Management Essays – Grand Strategies
Grand Strategies
Differentiation between Horizontal and Vertical integration
Horizontal Integration: When additional business is acquired at the similar stage of the value chain, this type of integration is called horizontal integration, which is quite opposite to the vertical integration. By expanding externally and internally, horizontal growth can be attained easily by the company. External expansion includes the merger and acquisition.
Examples of horizontal integration are: Manufacturer of automobile acquiring a manufacturer of SUV (sport utility vehicle) and an oil company acquiring forty refineries (Ramaswamy & Namakumari, 2005).

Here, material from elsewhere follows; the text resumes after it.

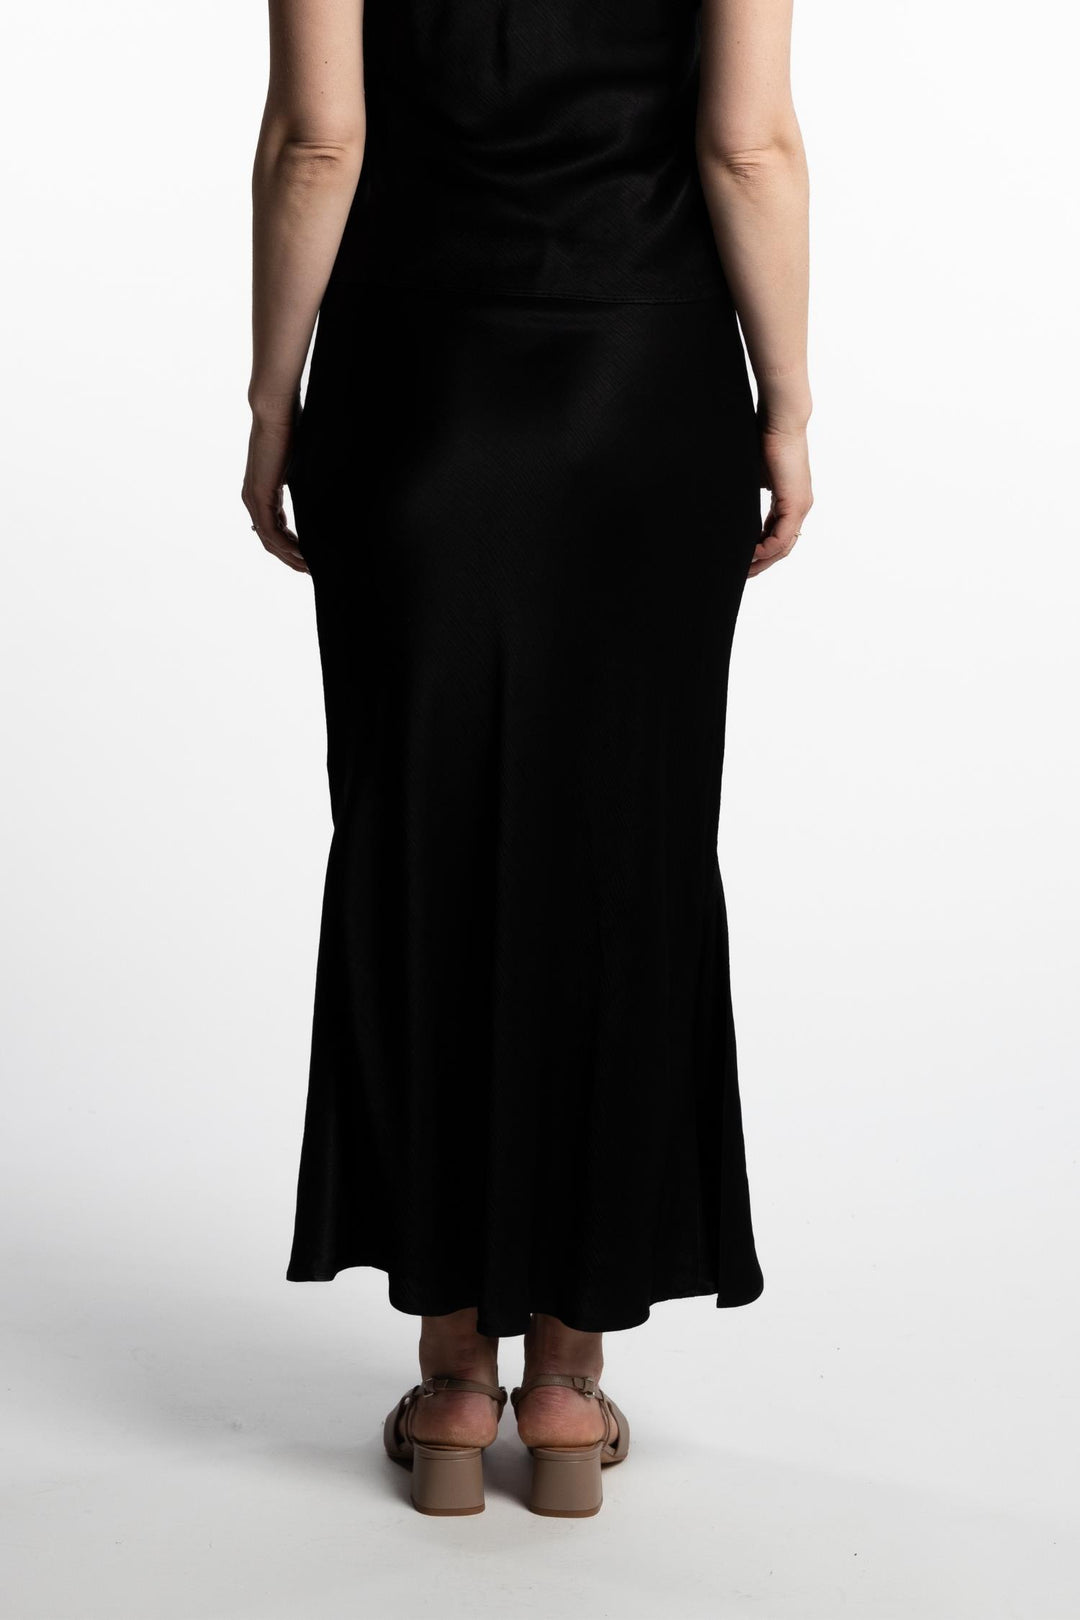 Hyro Skirt- Black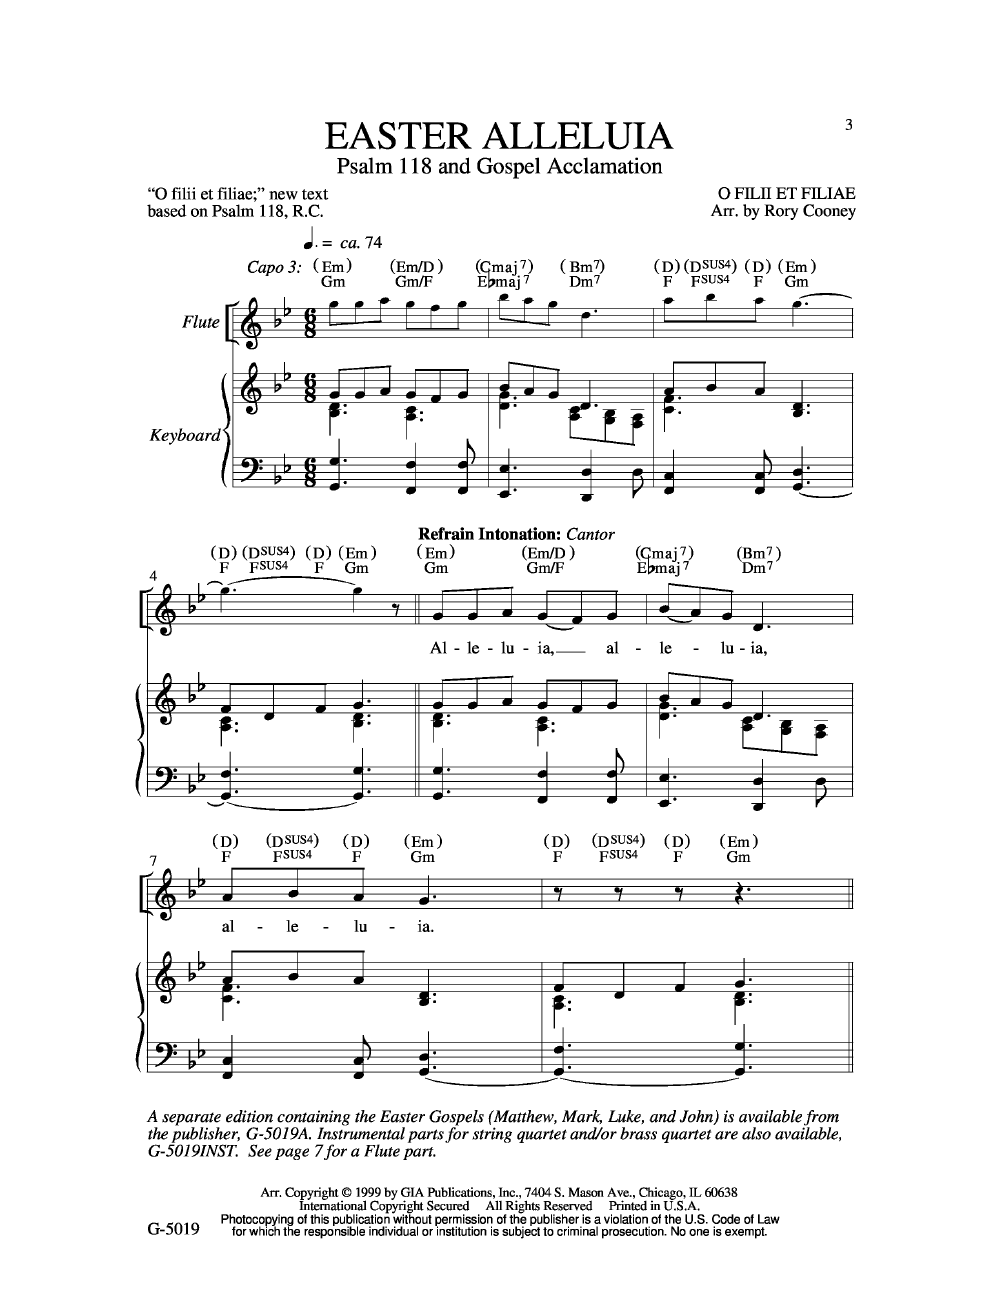 Hallelujah Easter Version Instrumental : Hallelujah easter version by

Vertical integration: This integration is said to be more complicated as compared to the horizontal integration. In this type of integration, the firm looks for the expansion in the upstream and downstream activity. It can also be defined as the process in which numerous steps related to the production and distribution of products or services are under the control of a sole company.
Example: when retailer starts the manufacturing of products, which it used to sell, it will be called vertical integration. Vertical integration can be backward or forward. In Backward Integration, the core business is linked with the suppliers. On the other hand, if the core business is combined with the buyers, it is called forward integration (Kazmi, 2002).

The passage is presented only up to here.